DREAM_(ZS) also contains a snooker updater to maximize the diversity of candidate points and generate jumps beyond parallel direction updates. Finally, DREAM_(ZS) contains subspace learning in a similar way as DREAM, to maximize the squared jumping distance between two subsequent points in each chain. This idea has been presented in Vrugt et al. (2008) and shown to significantly increase the efficiency of posterior exploration. All these options can be activated from the input file.
DREAM_(ZS) developed by Jasper A. Vrugt and Cajo ter Braak
SYNOPSIS:
[Sequences,X,Z,output] = dream_zs(MCMCPar,ModelName)
[Sequences,X,Z,output] = dream_zs(MCMCPar,ModelName,Extra)
[Sequences,X,Z,output] = dream_zs(MCMCPar,ModelName,Extra,ParRange)
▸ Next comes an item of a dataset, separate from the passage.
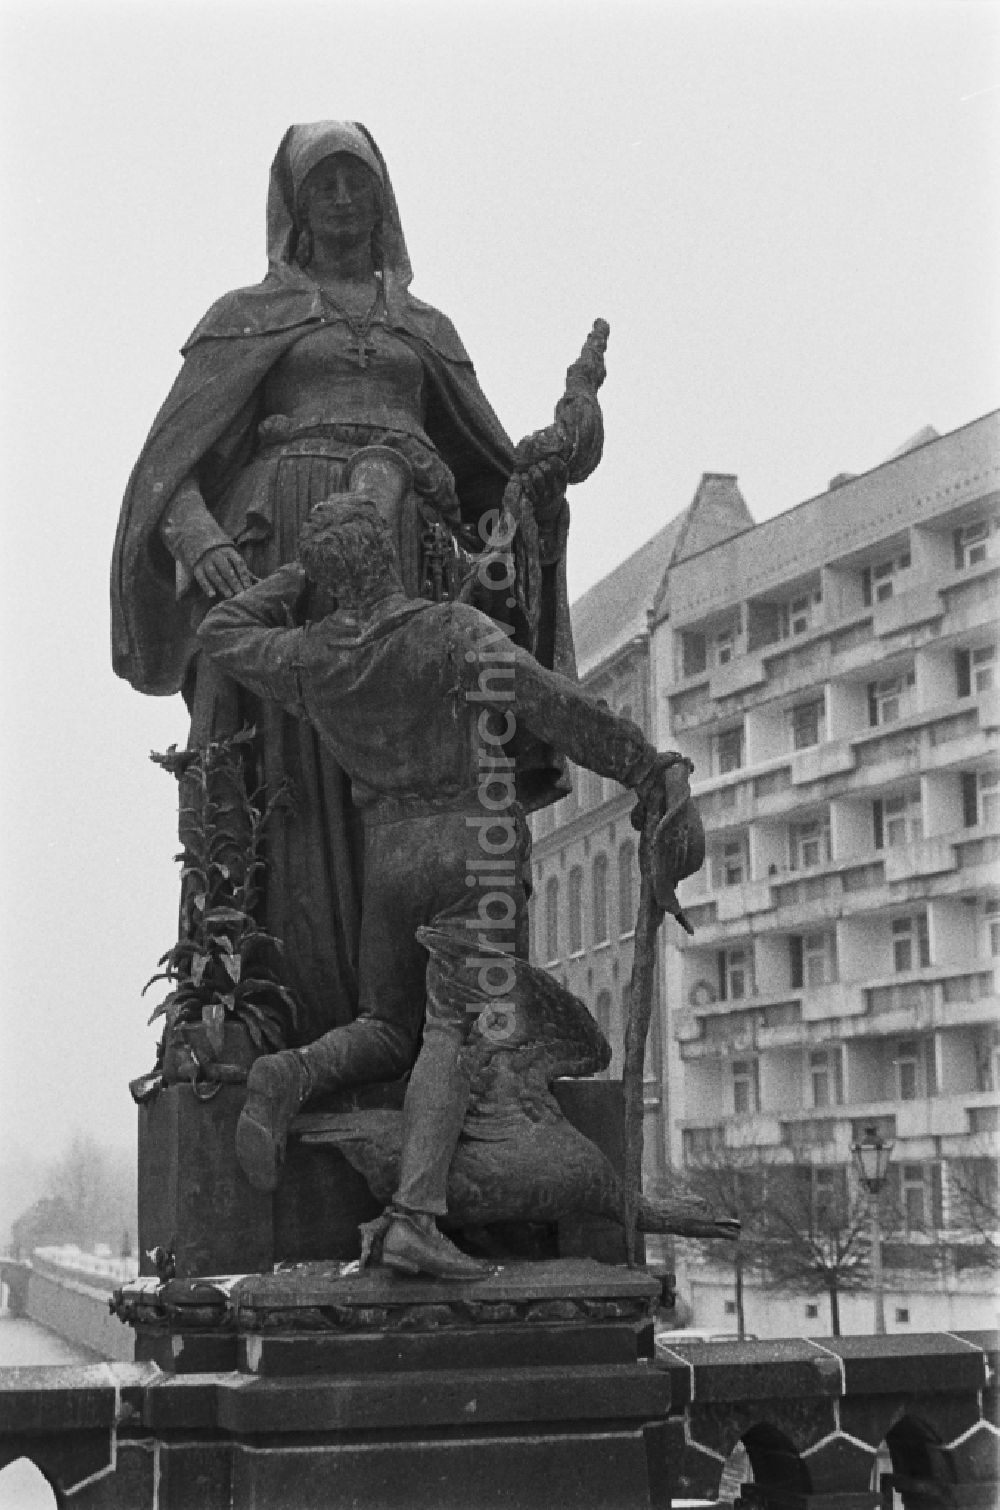 Berlin: Skulptur Heilige Gertraud in Berlin, der ehemaligen Hauptstadt der DDR, Deutsche Demokratische Republik

[Sequences,X,Z,output] = dream_zs(MCMCPar,ModelName,Extra,ParRange,Measurement)Input:
MCMCPar % structure with DREAM parameters
ModelName % name of the function
Extra % optional structure with arguments to be passed to function
ParRange % optional structure with parameter ranges
Measurement % optional structure with measurement informationOutput:
Sequences % 3D array with Markov chain evolution
X % final position of chains and correponding density values
Z % matrix with thinned sample history
output % structure with convergence properties, acceptance rate, CR values, etc.The directory \PostProcessing contains a script “PostProcMCMC” that will compute various posterior statistics (MEAN, STD, MAP, CORR) and create create various plots including, marginal posterior parameter distributions, R_stat convergence diagnostic, two-dimensional correlation plots of the posterior parameter samples, chain convergence plots, and parameter and total posterior simulation uncertainty ranges (interval can be specified)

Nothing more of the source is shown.